● Material provided
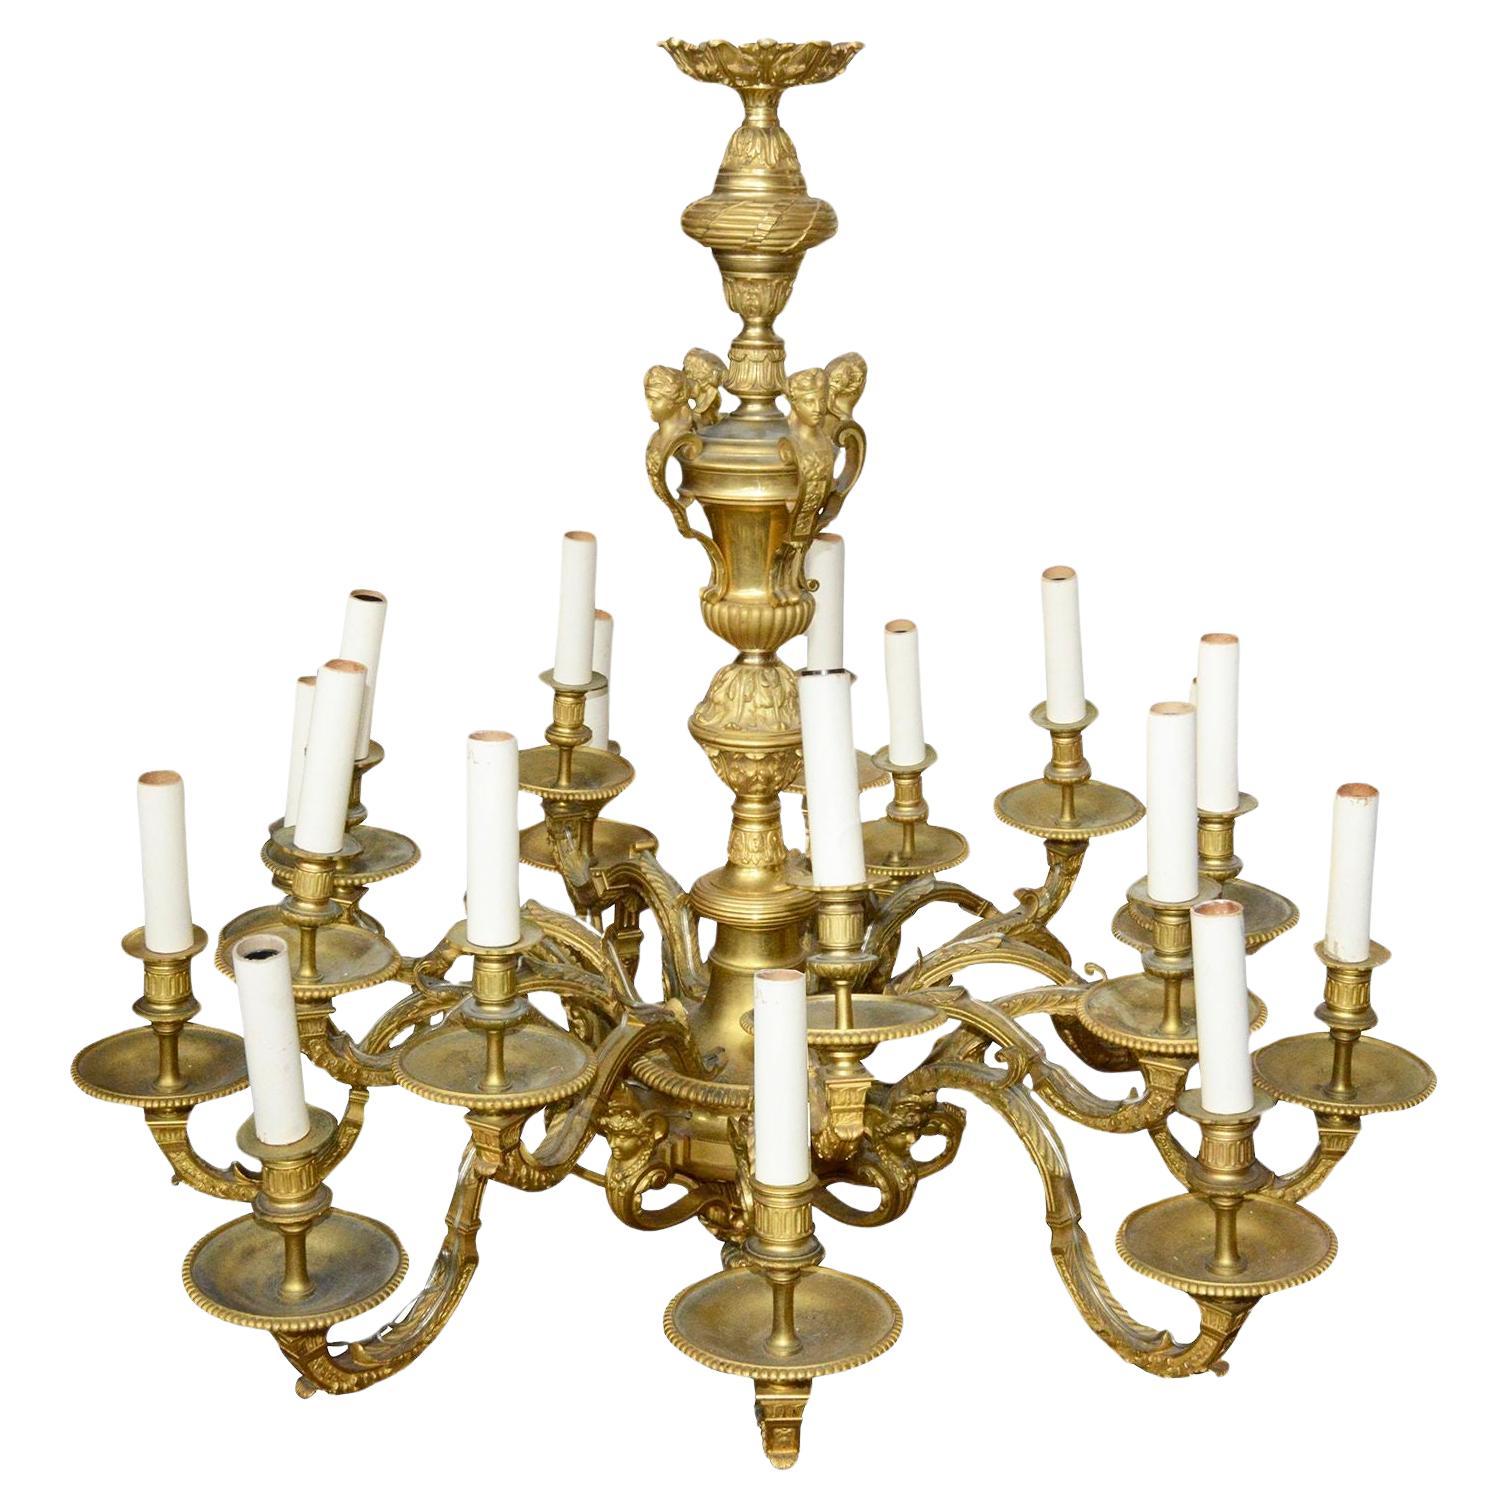 19th Century gilded Louis XVI style ormolu chandelier
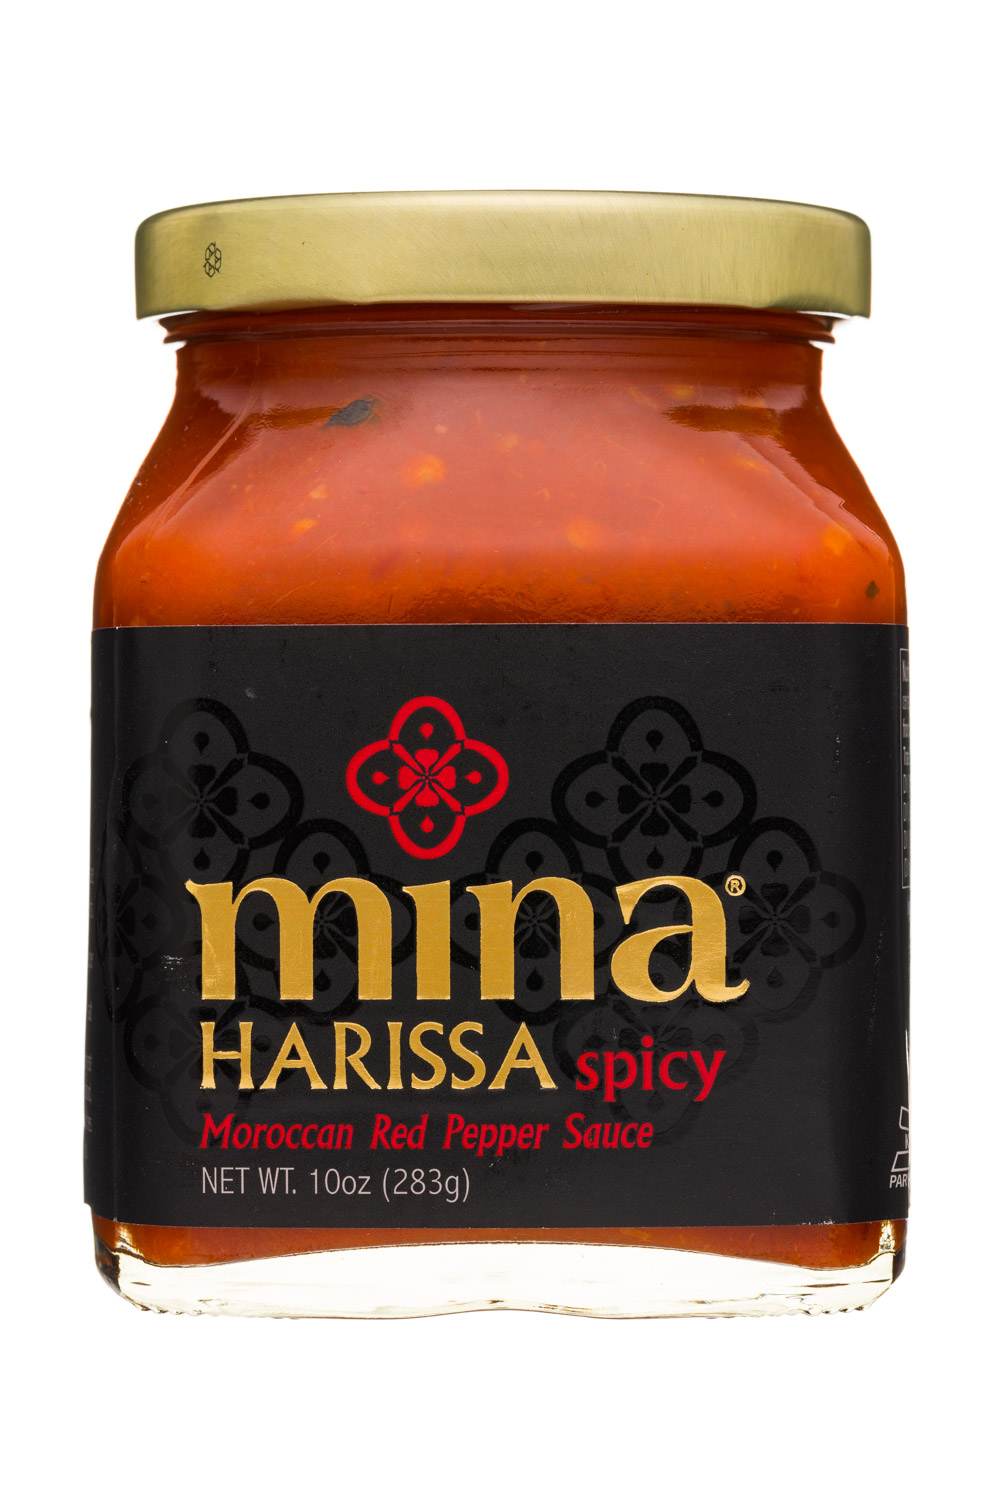 Harissa, Moroccan Red Pepper Sauce
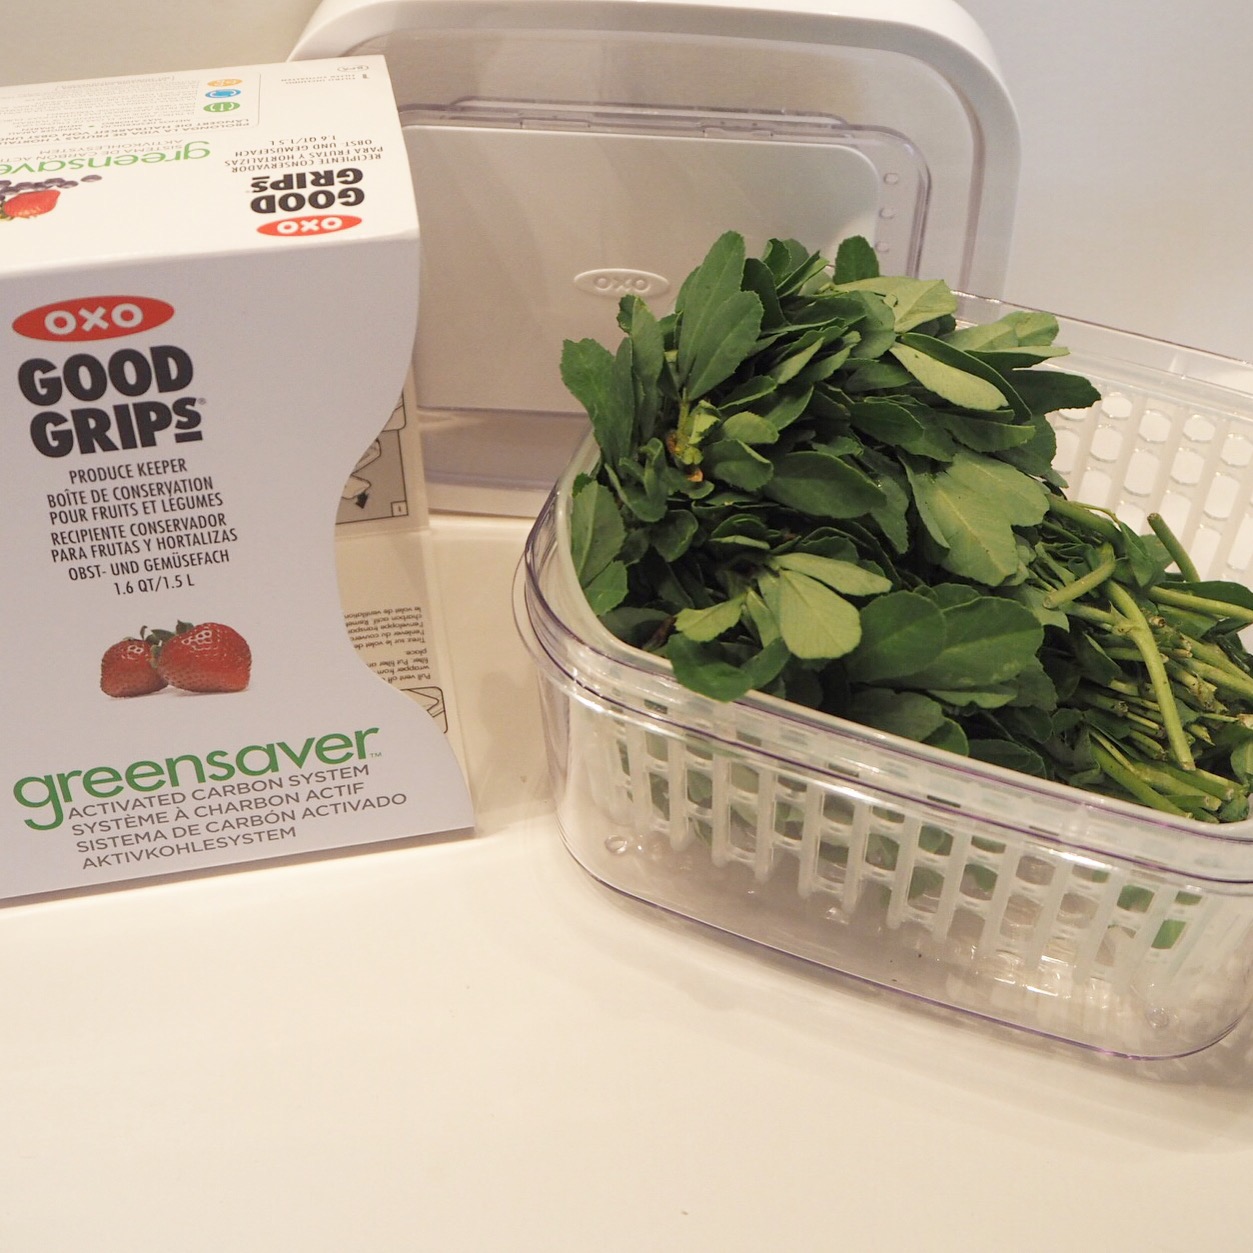 OXO Good Grips Greensaver Herb Keeper
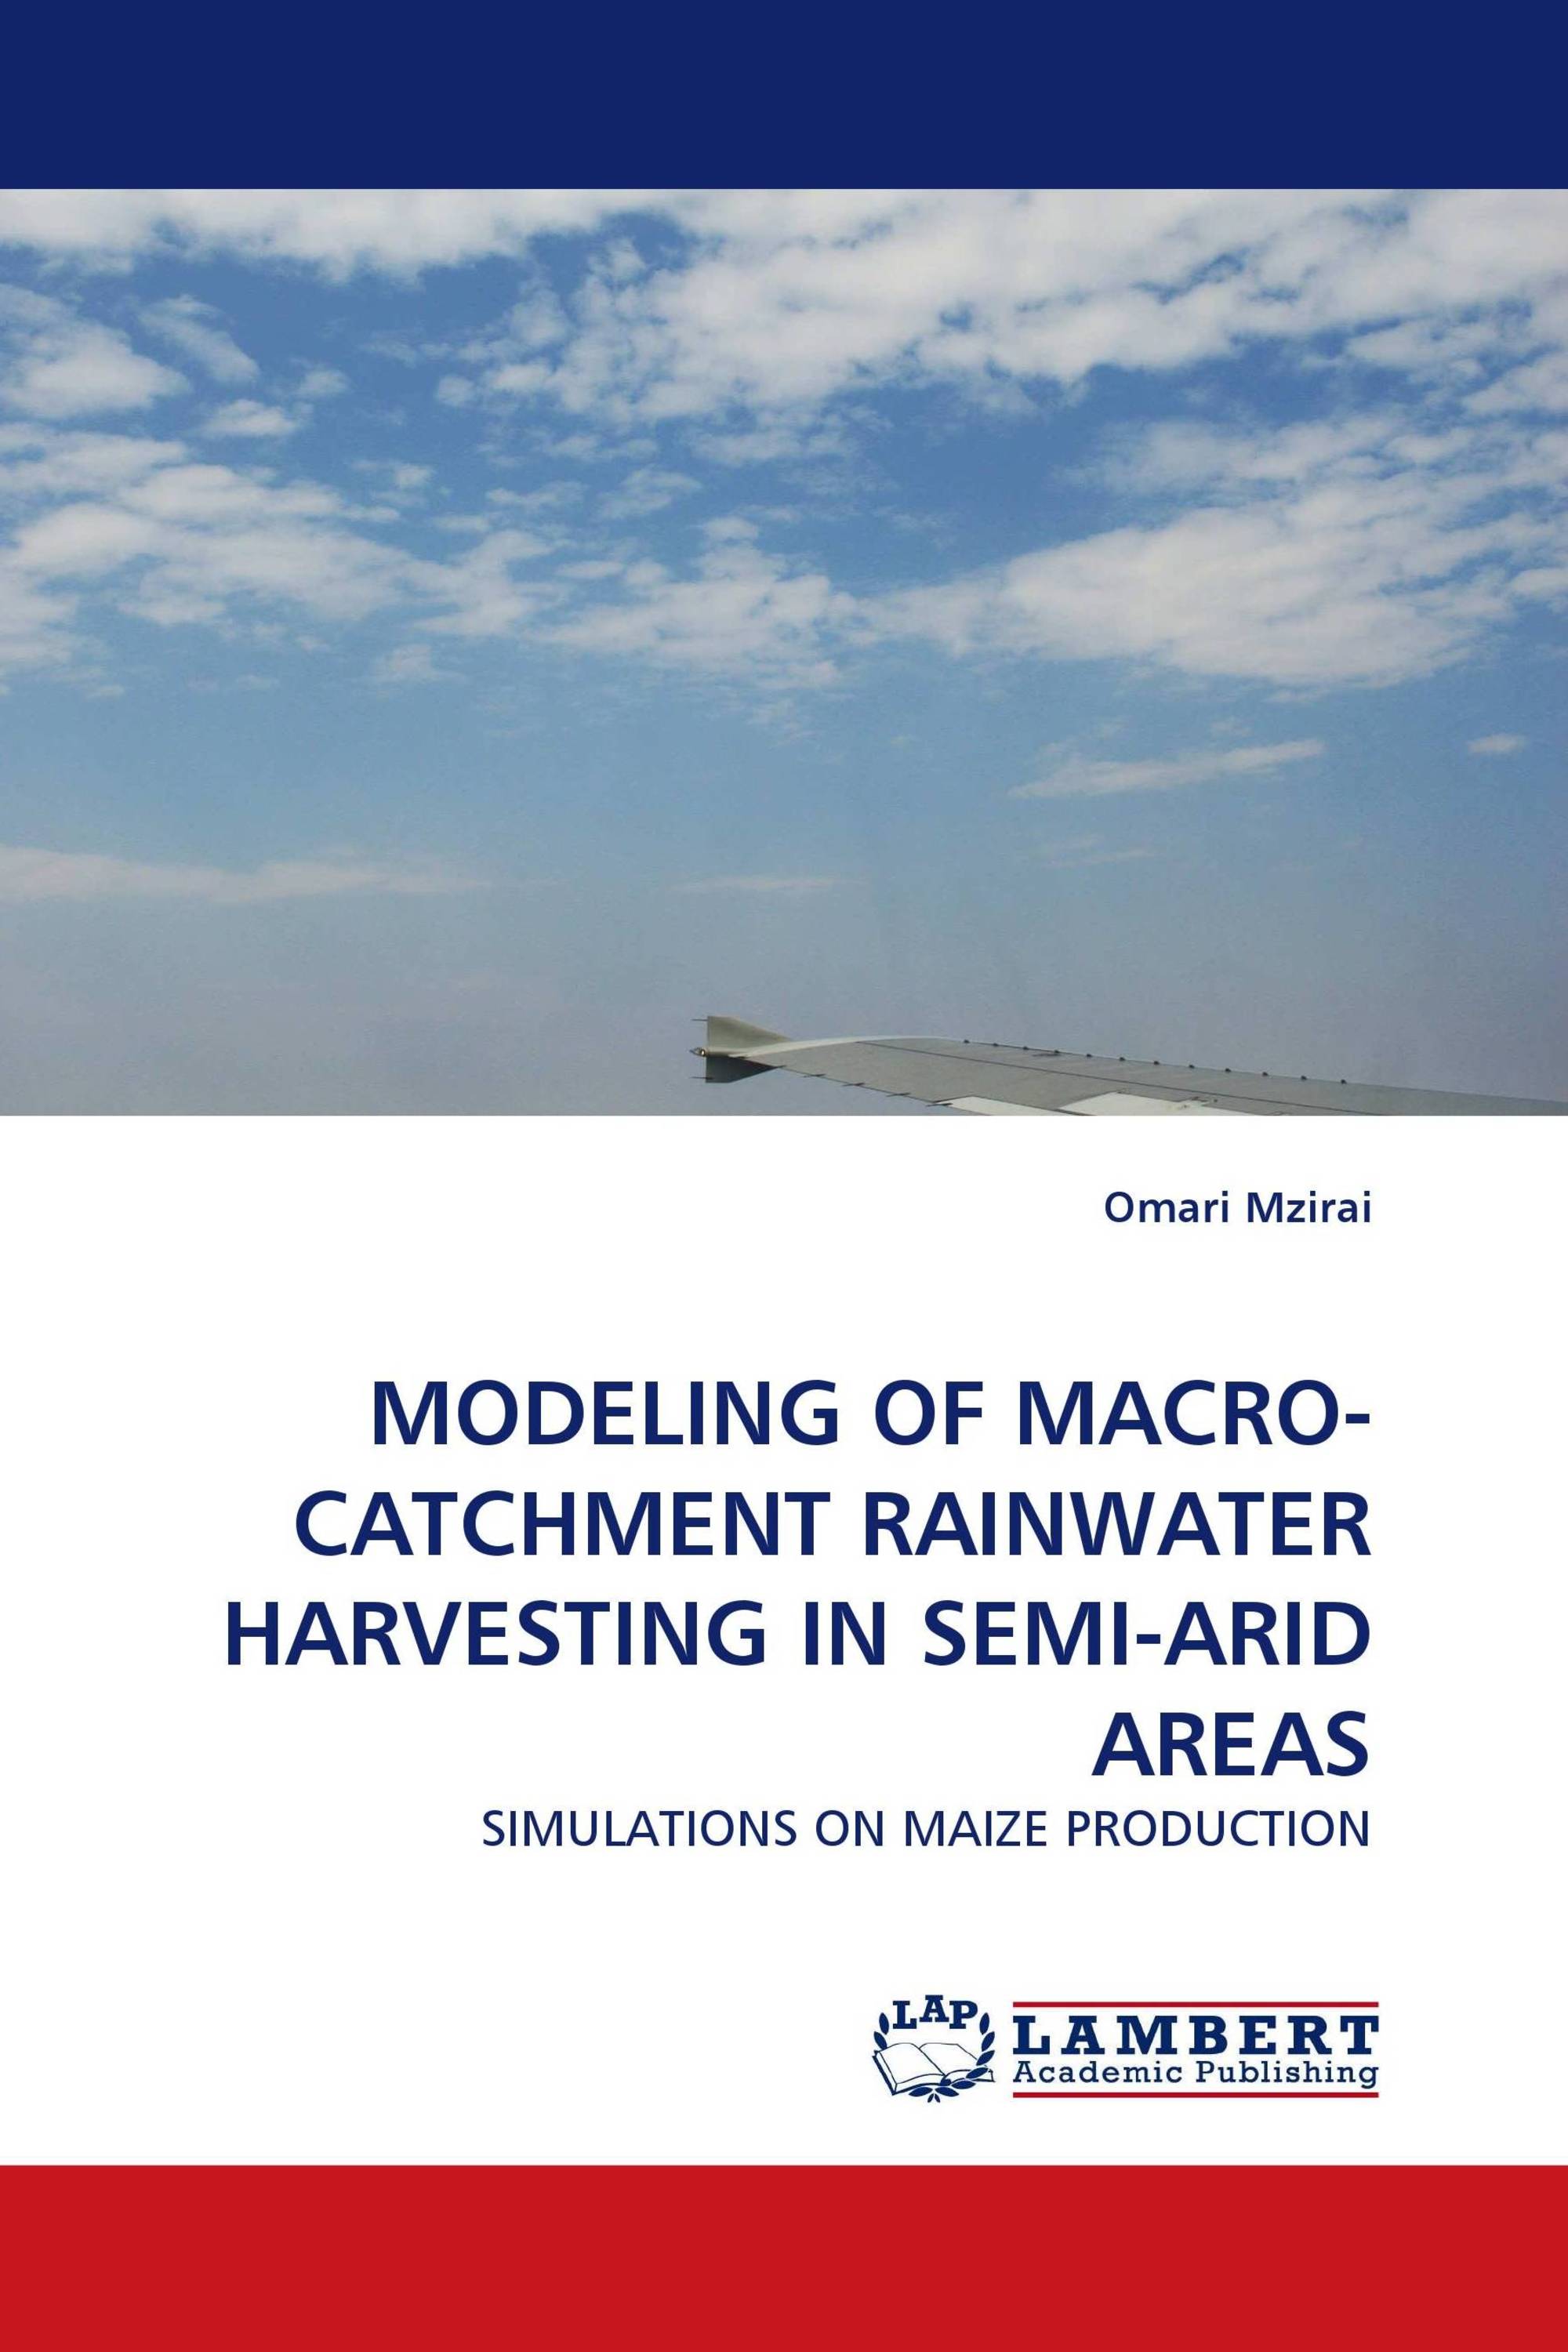 MODELING OF MACRO-CATCHMENT RAINWATER HARVESTING IN SEMI-ARID AREAS

● Problem to work on
Pictures aside, reproduce exactly the lines from the one containing "Harissa, Moroccan Red Pepper Sauce" to the end of the listing above, both ends included.

● Your response
 Harissa, Moroccan Red Pepper Sauce
 OXO Good Grips Greensaver Herb Keeper
 MODELING OF MACRO-CATCHMENT RAINWATER HARVESTING IN SEMI-ARID AREAS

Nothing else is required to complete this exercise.